Task to complete: Starting from the line with "France, Ile et" and going up to and including the line with "Maybelline Color Tattoo", copy the listing below exactly. Leave all images out.

Data excerpts:
•••••

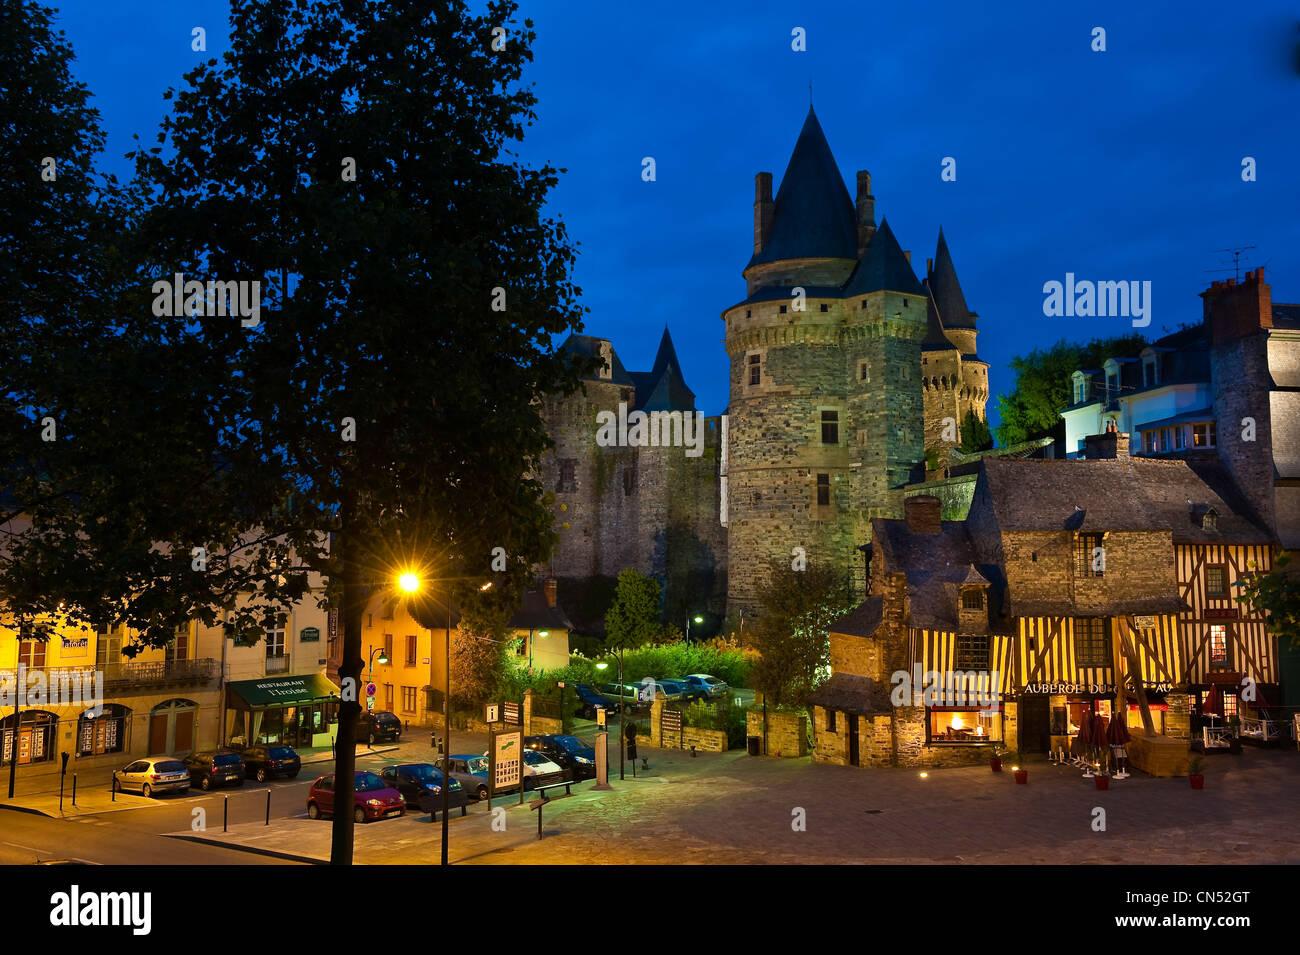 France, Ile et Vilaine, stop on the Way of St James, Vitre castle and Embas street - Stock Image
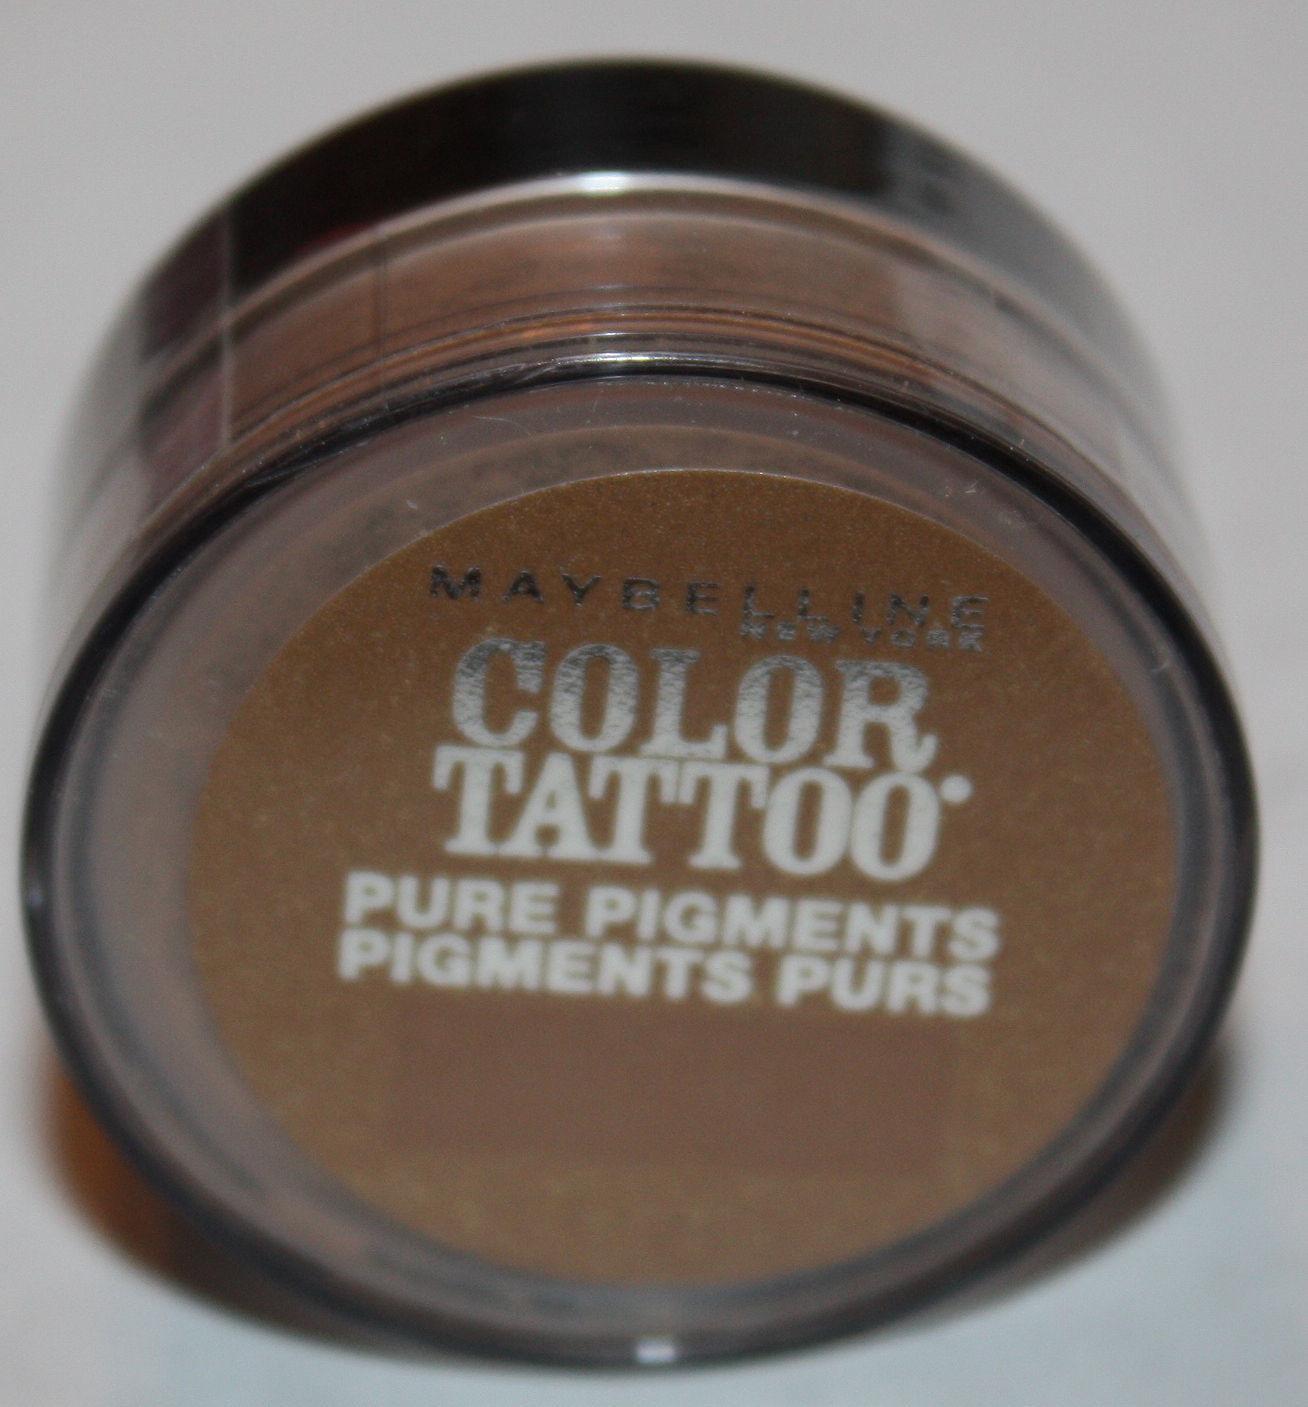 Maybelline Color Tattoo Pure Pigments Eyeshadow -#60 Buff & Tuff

•••••

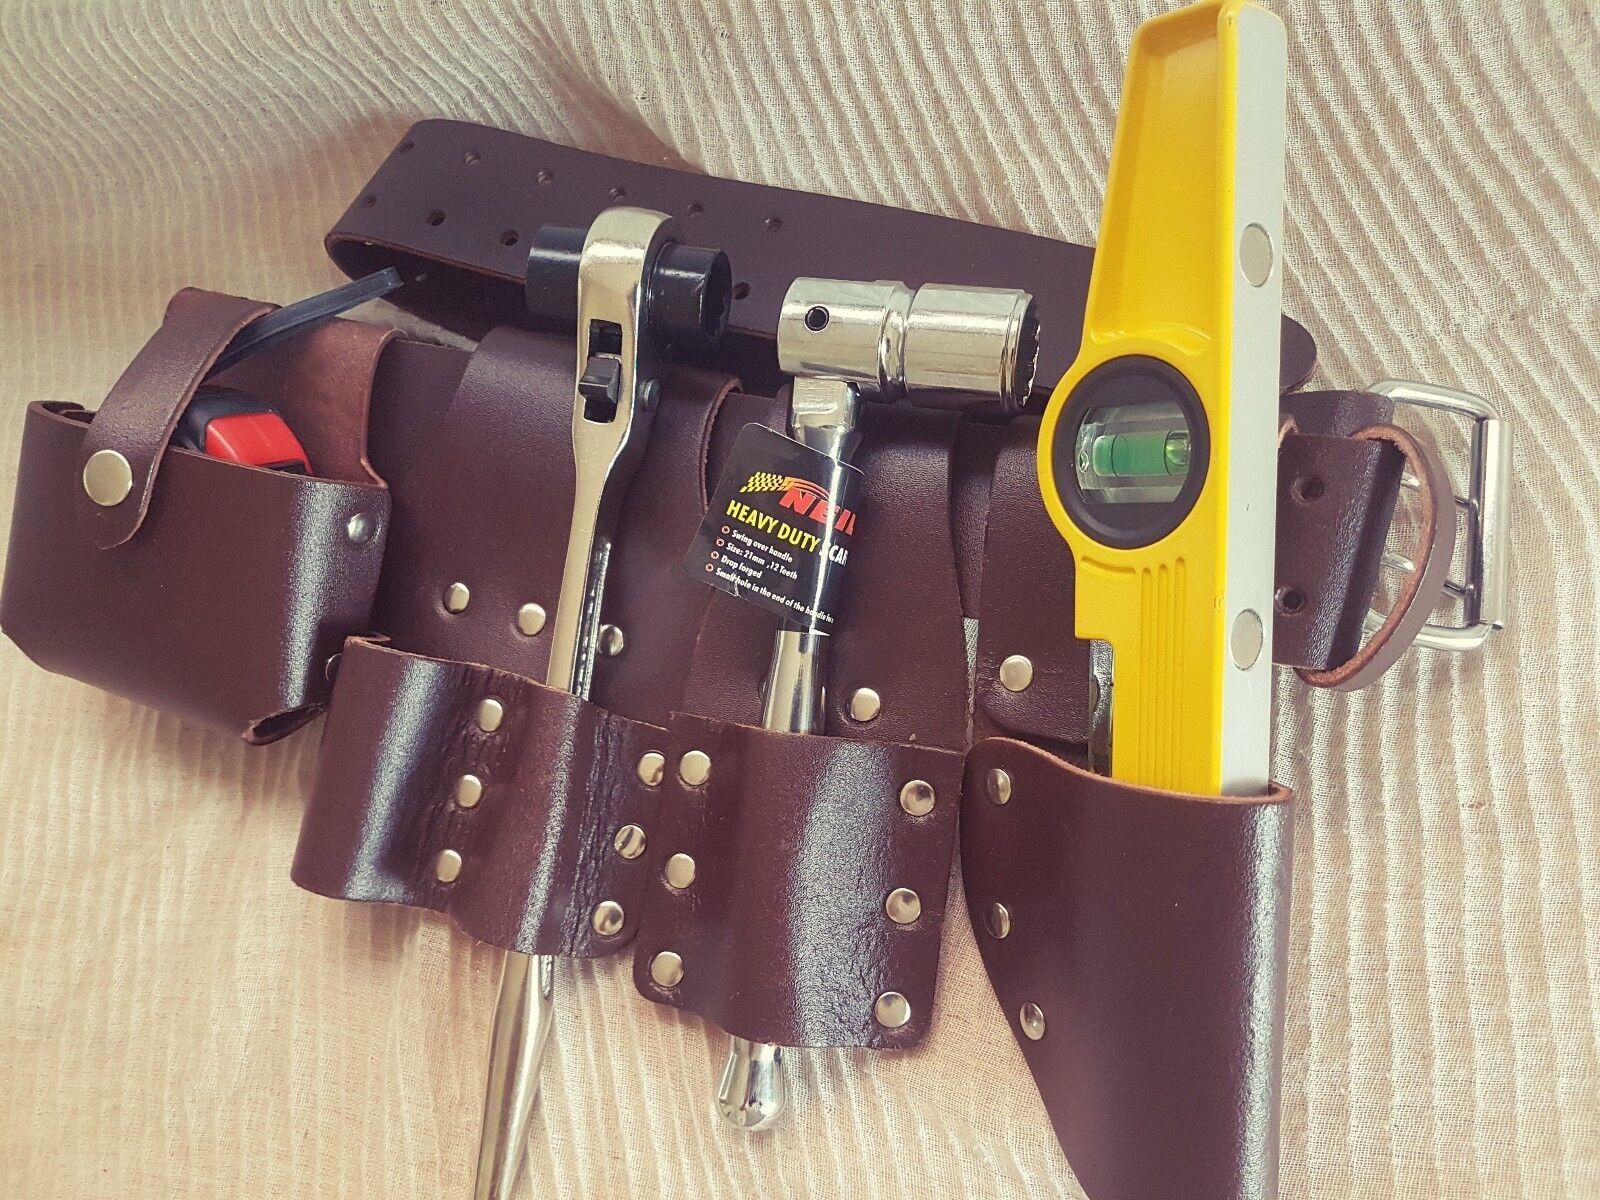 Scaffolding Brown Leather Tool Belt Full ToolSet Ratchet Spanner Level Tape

•••••

Solution for this exercise:
 France, Ile et Vilaine, stop on the Way of St James, Vitre castle and Embas street - Stock Image
 Maybelline Color Tattoo Pure Pigments Eyeshadow -#60 Buff & Tuff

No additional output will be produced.